### What needs to be done:
Return, word for word, only the lines of the data below that lie between the line with "Preparing airplane for" and the line with "Silikonové pouzdro na", those two lines included.

### Extracted material:
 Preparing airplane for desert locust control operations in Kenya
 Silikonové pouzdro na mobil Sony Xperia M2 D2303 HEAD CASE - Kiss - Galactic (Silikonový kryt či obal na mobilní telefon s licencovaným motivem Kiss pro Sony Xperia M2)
==
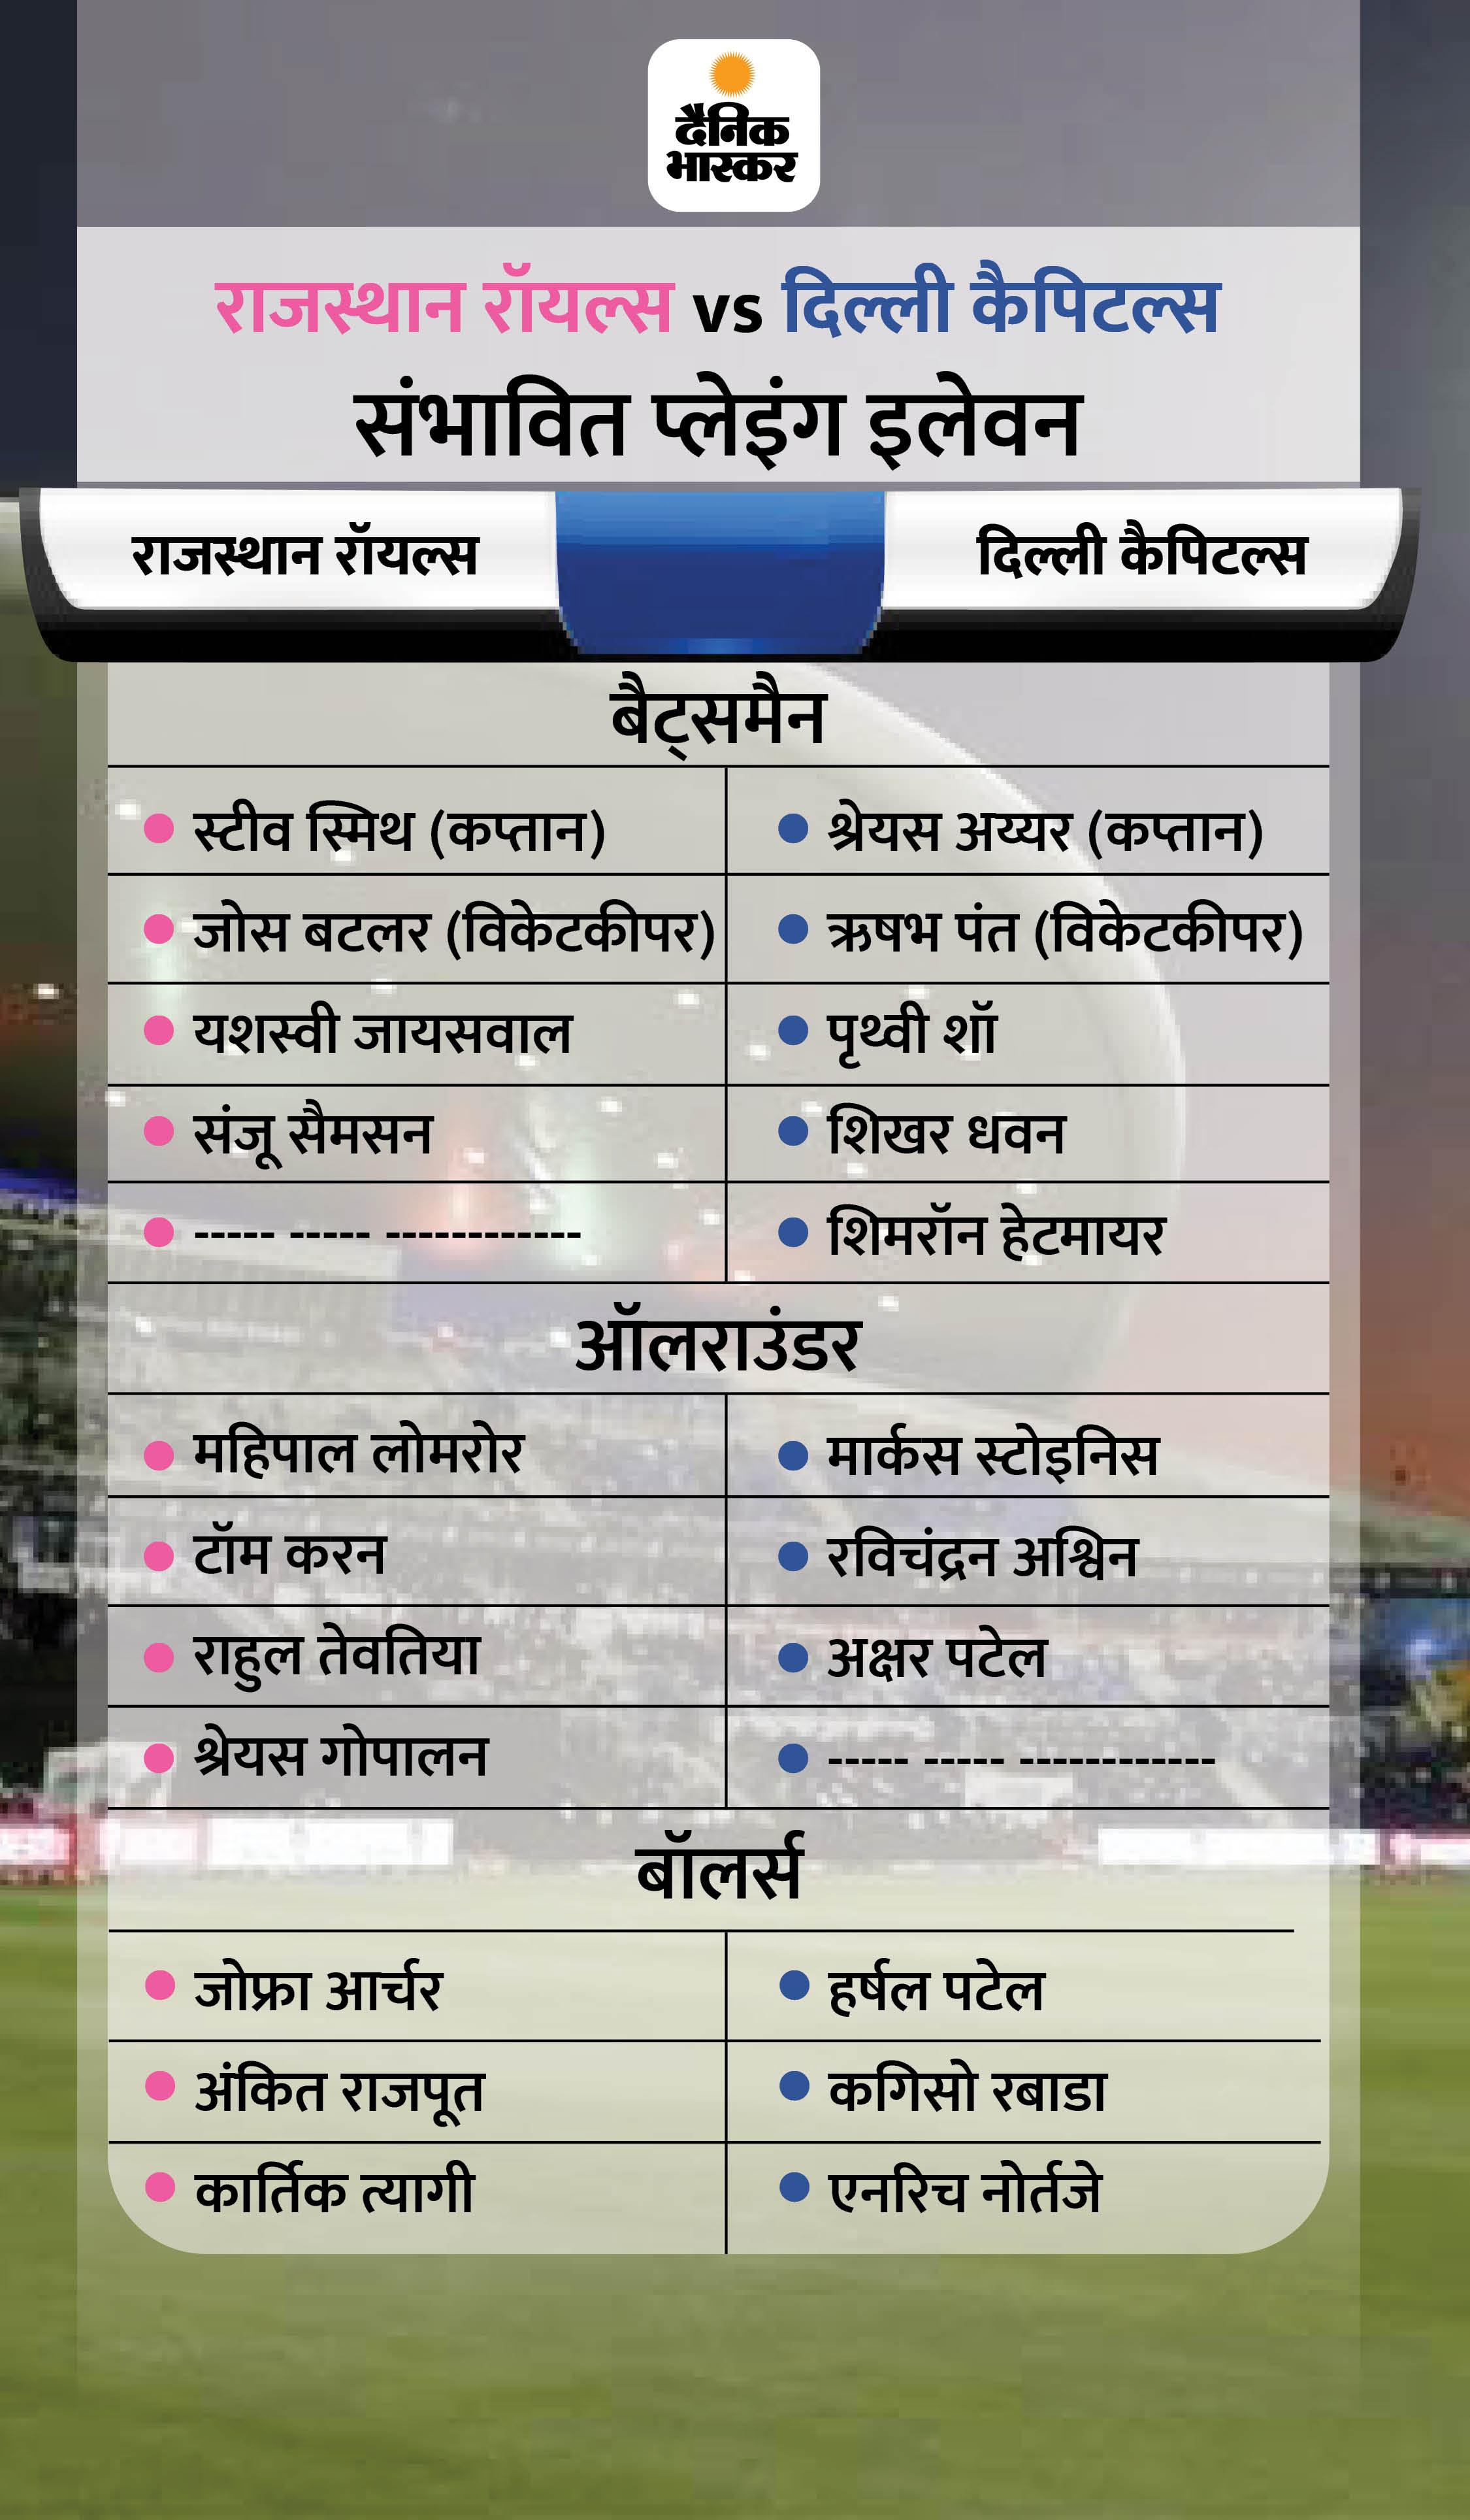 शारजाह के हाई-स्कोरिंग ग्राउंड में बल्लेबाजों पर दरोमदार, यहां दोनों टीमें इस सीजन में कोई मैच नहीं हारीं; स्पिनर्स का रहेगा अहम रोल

### Exercise answer:
 Preparing airplane for desert locust control operations in Kenya
 Silikonové pouzdro na mobil Sony Xperia M2 D2303 HEAD CASE - Kiss - Galactic (Silikonový kryt či obal na mobilní telefon s licencovaným motivem Kiss pro Sony Xperia M2)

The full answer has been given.